• [Exercise details]:
Only the lines from the one containing "29. When a photon" through the end of the data are wanted, reproduced exactly and without pictures.

• [Given information]:
————
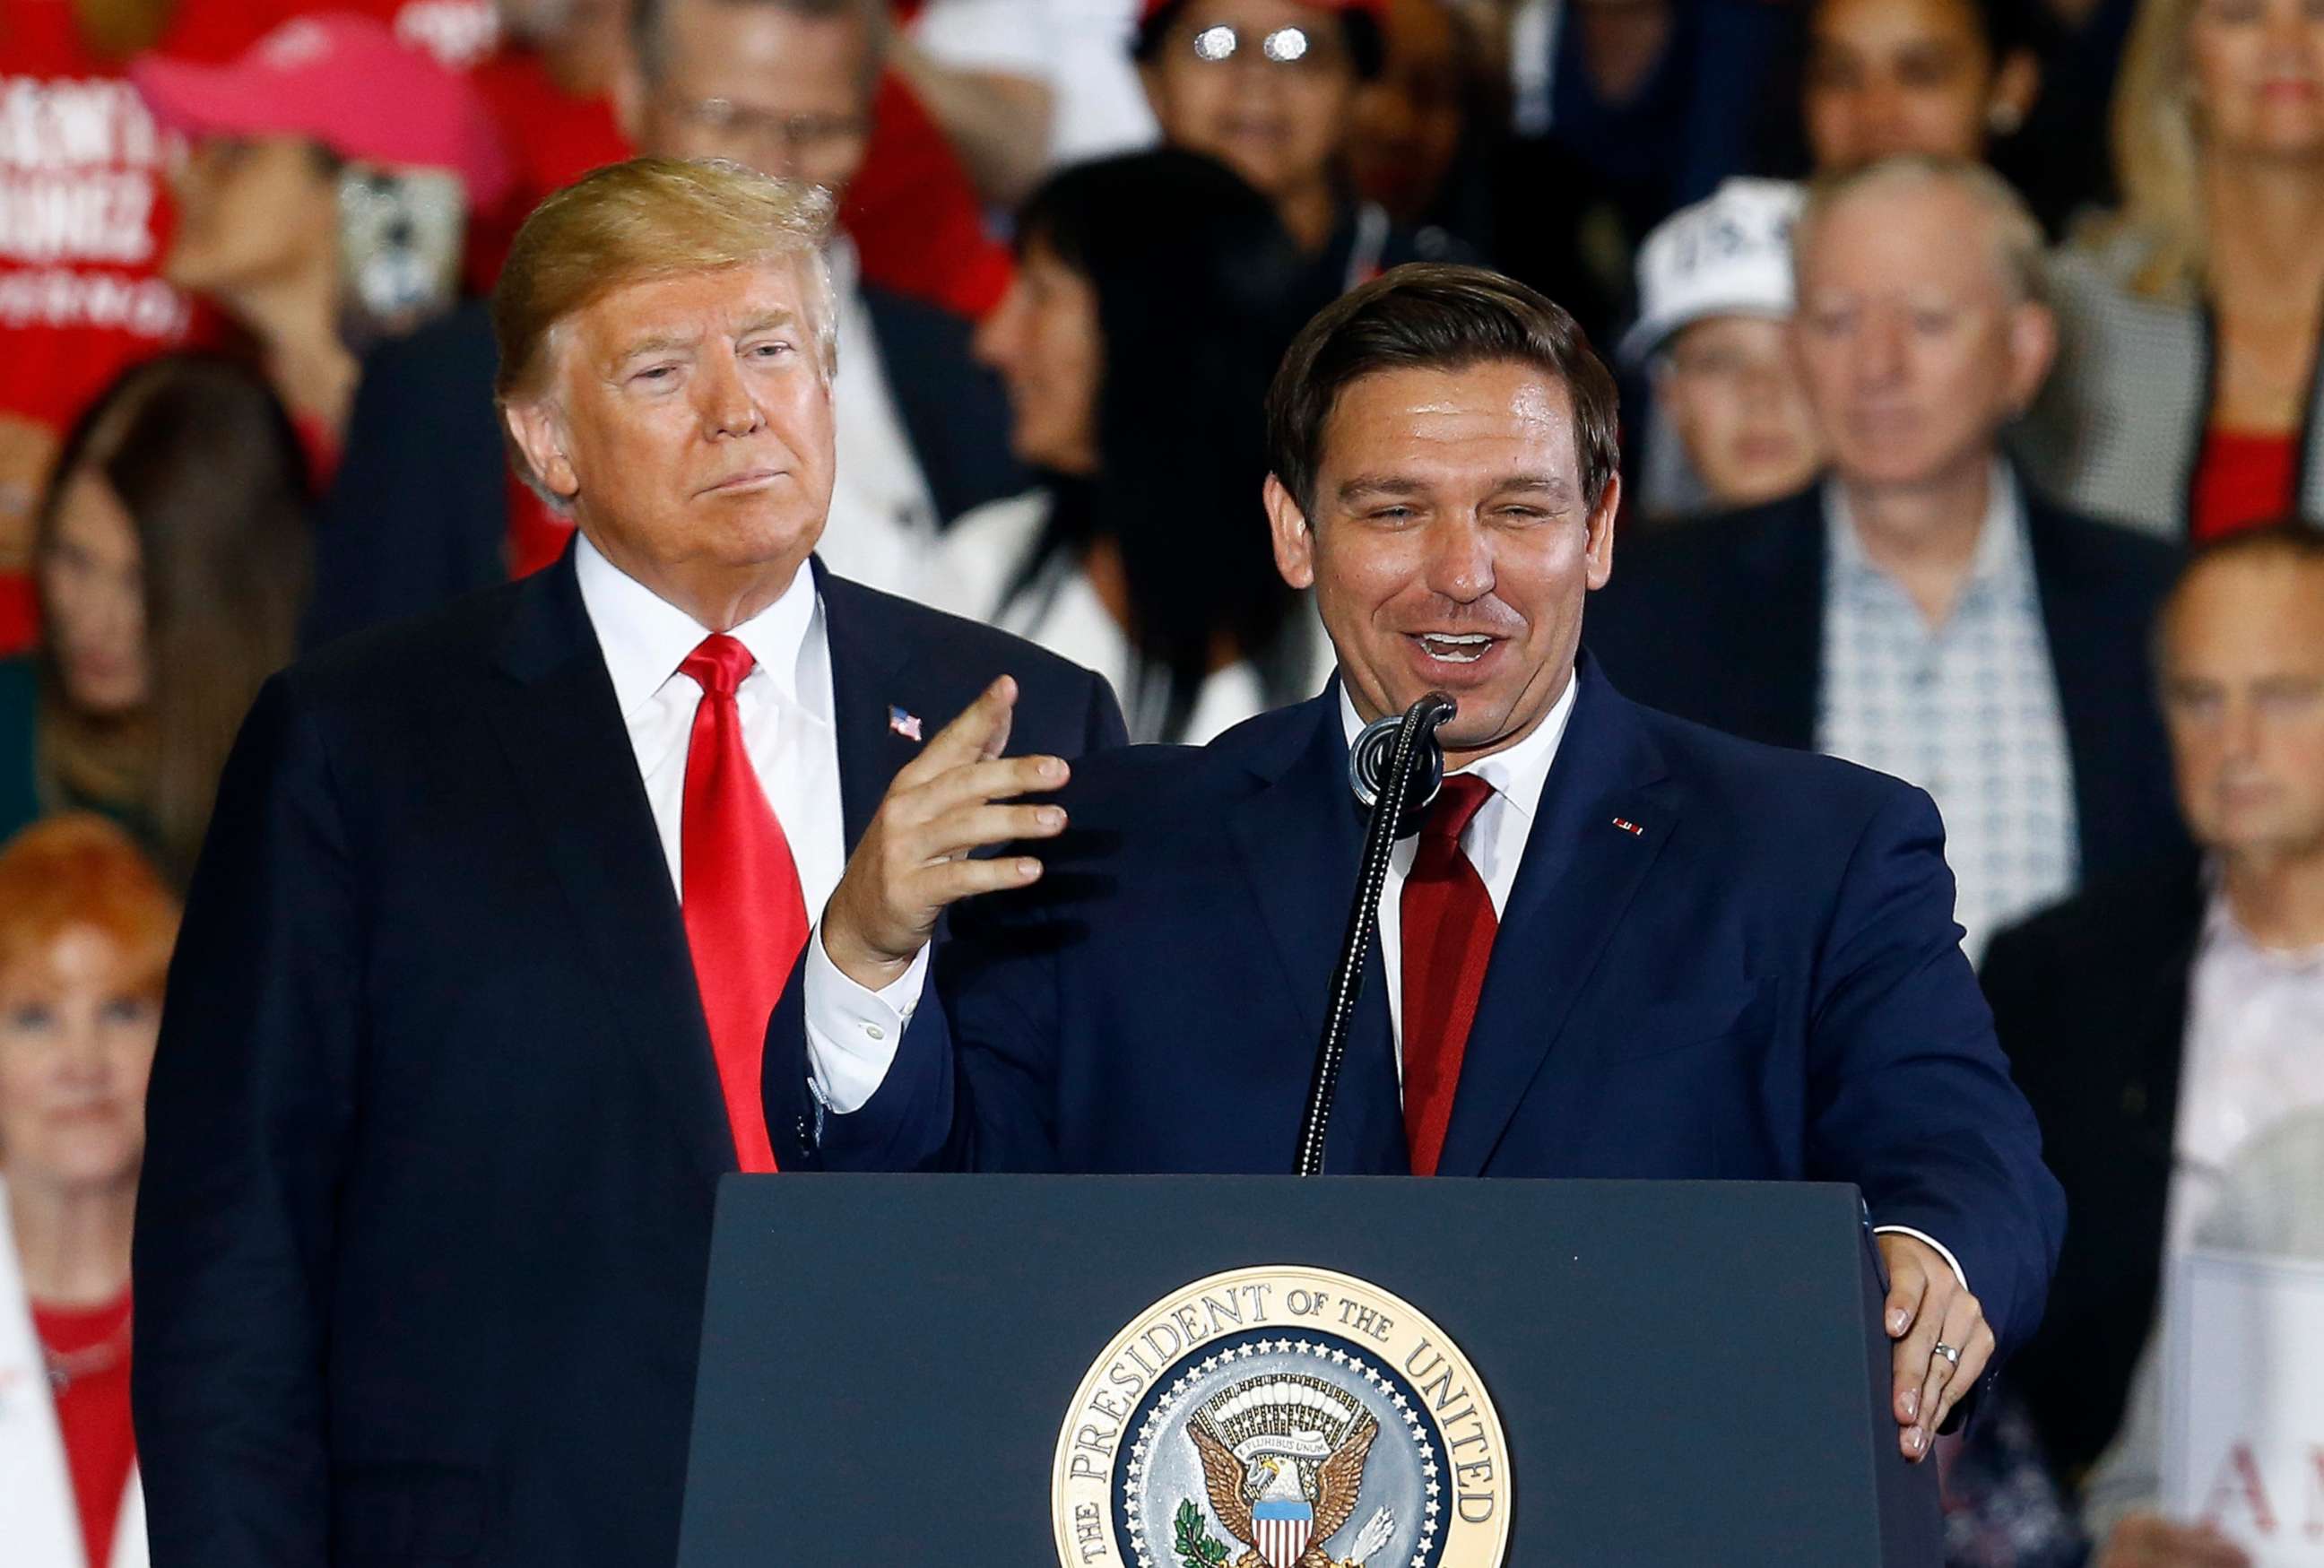 PHOTO: Gubernatorial candidate Ron DeSantis speaks at a rally with President Donald Trump, Nov. 3, 2018, in Pensacola, Fla.
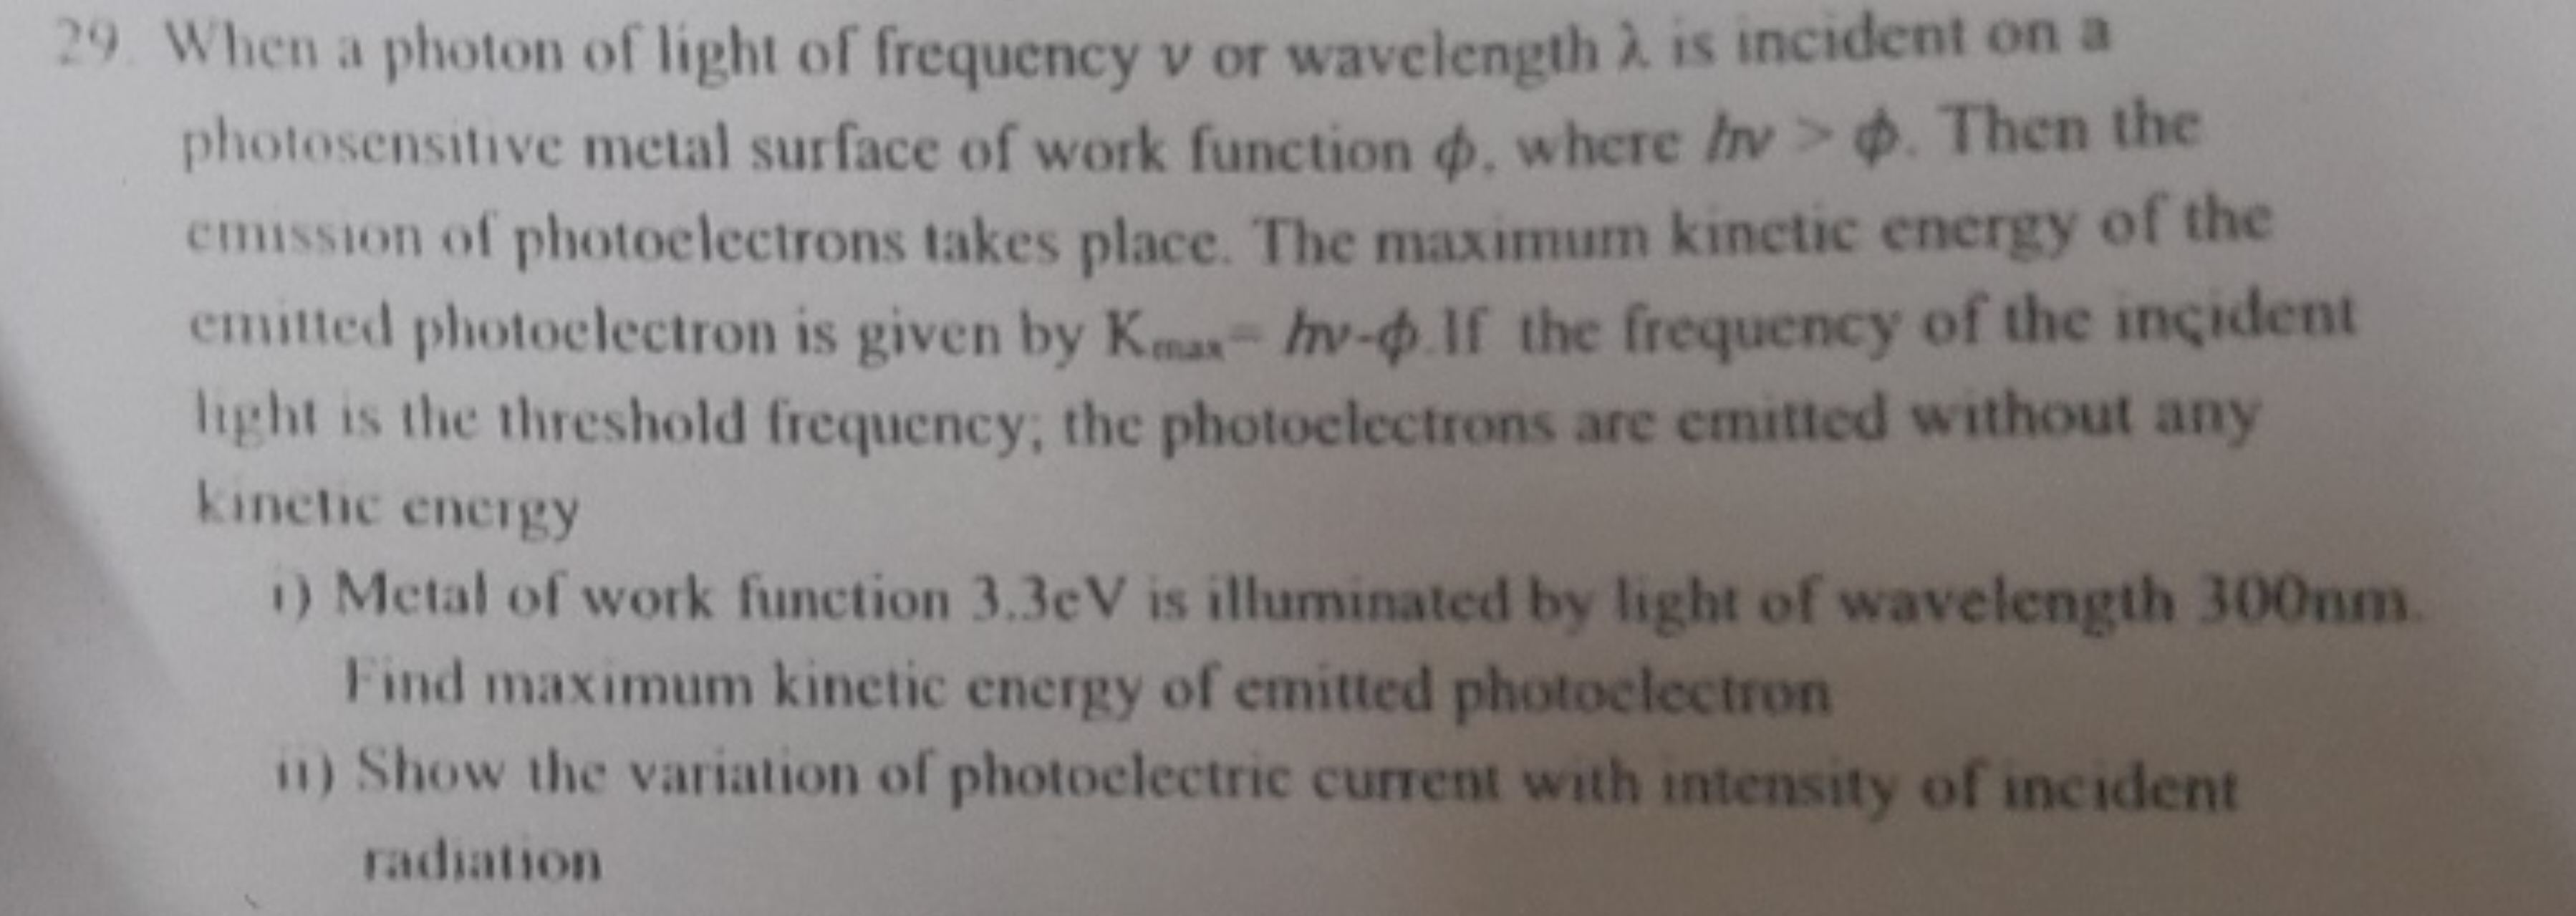 29. When a photon of light of frequency v or wavelength λ is incident 
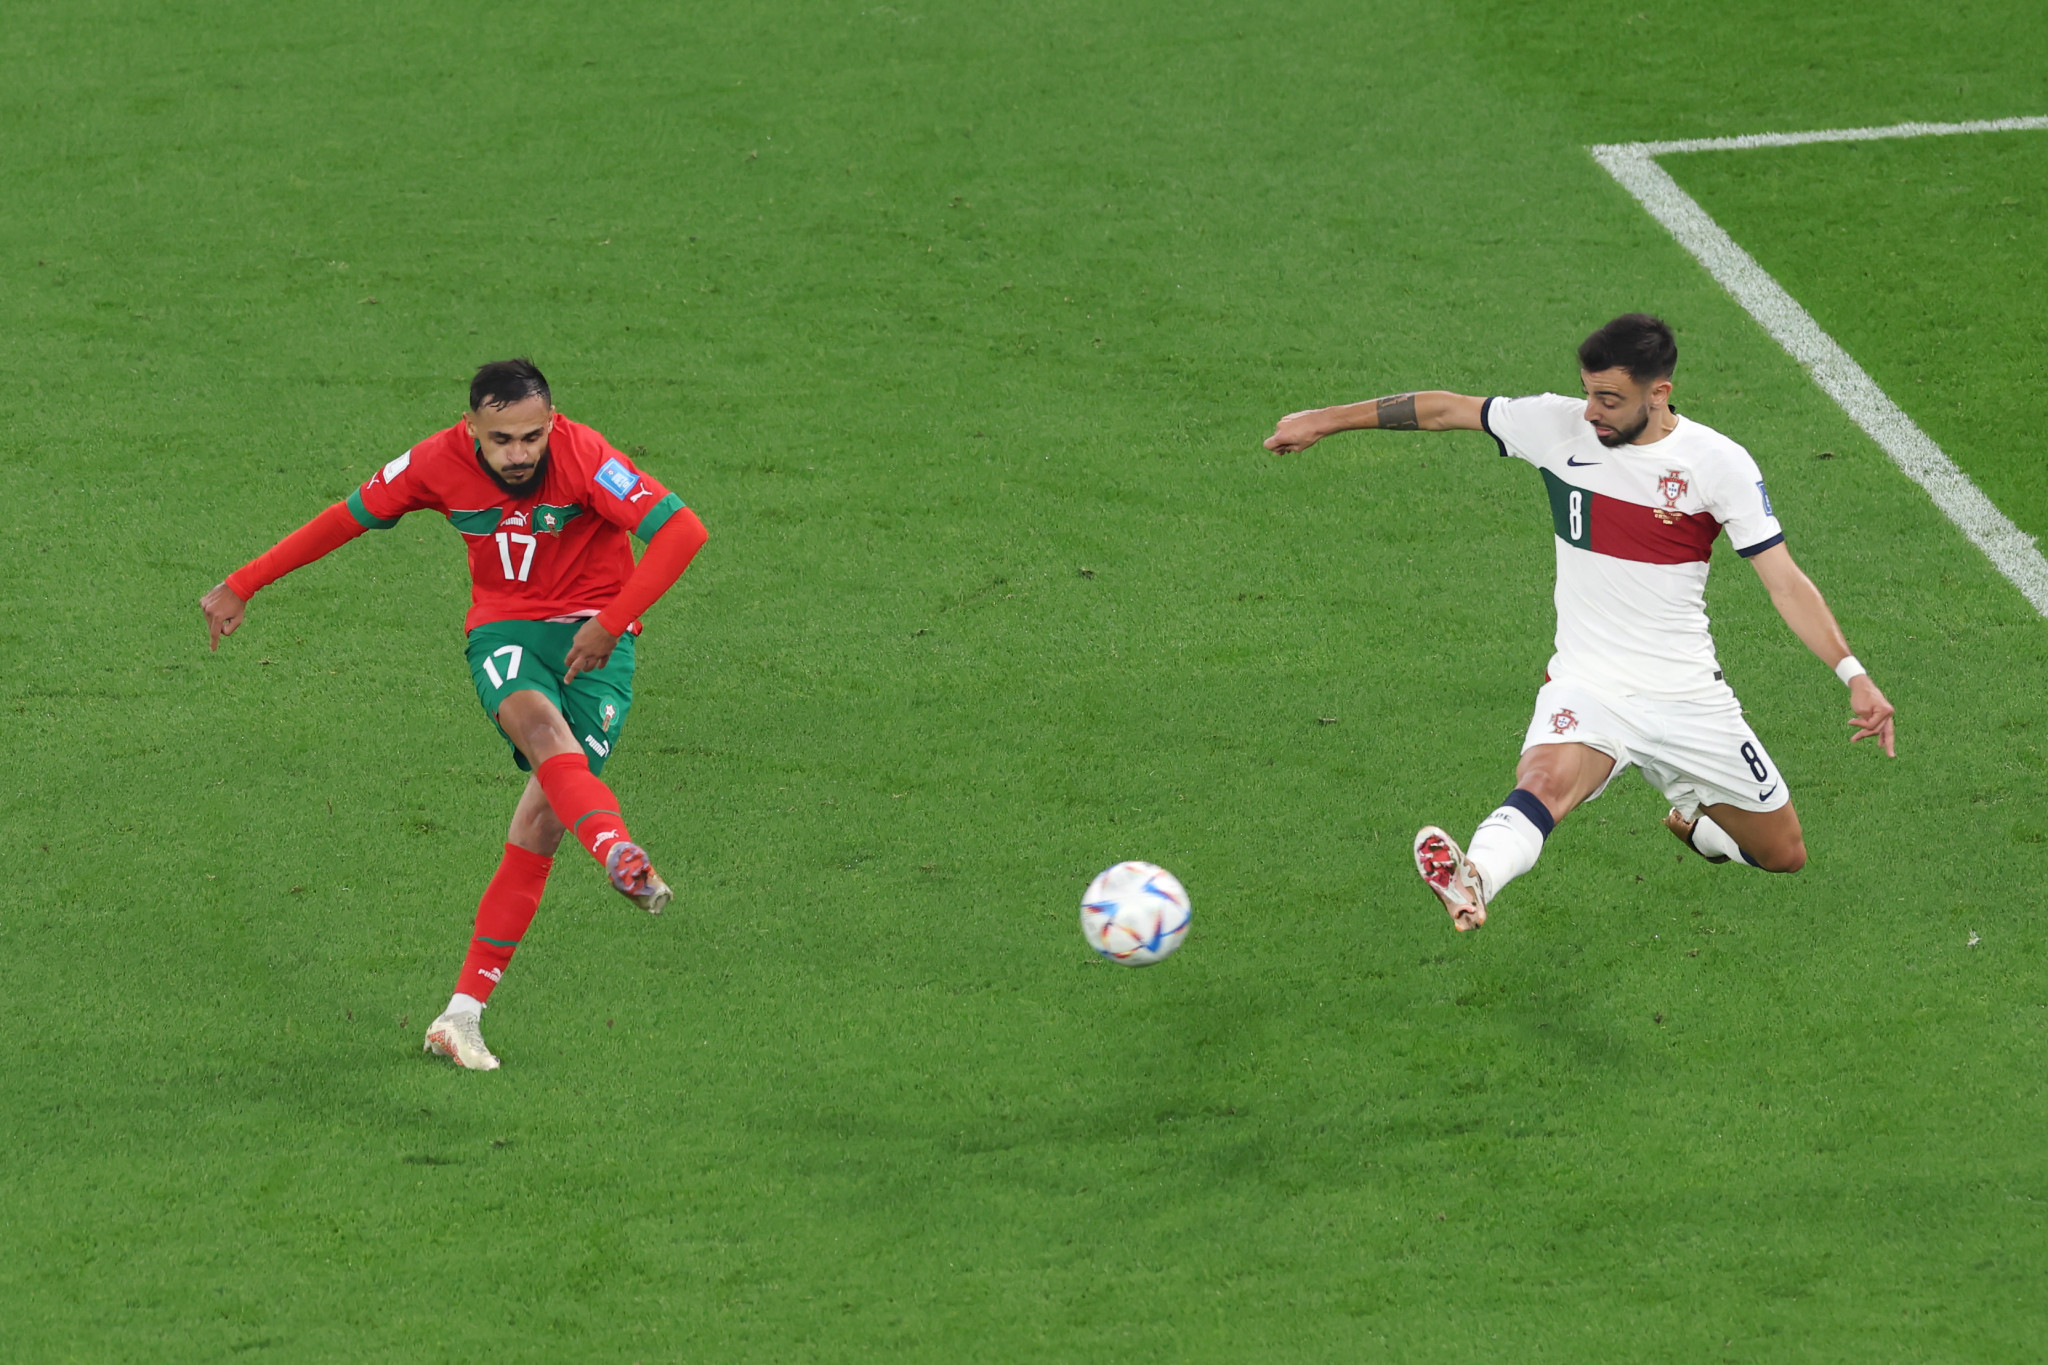 Morocco await in the final four after seeing off Portugal 1-0 ©Getty Images
————
• [Exercise response]:
 29. When a photon of light of frequency v or wavelength λ is incident 
 Morocco await in the final four after seeing off Portugal 1-0 ©Getty Images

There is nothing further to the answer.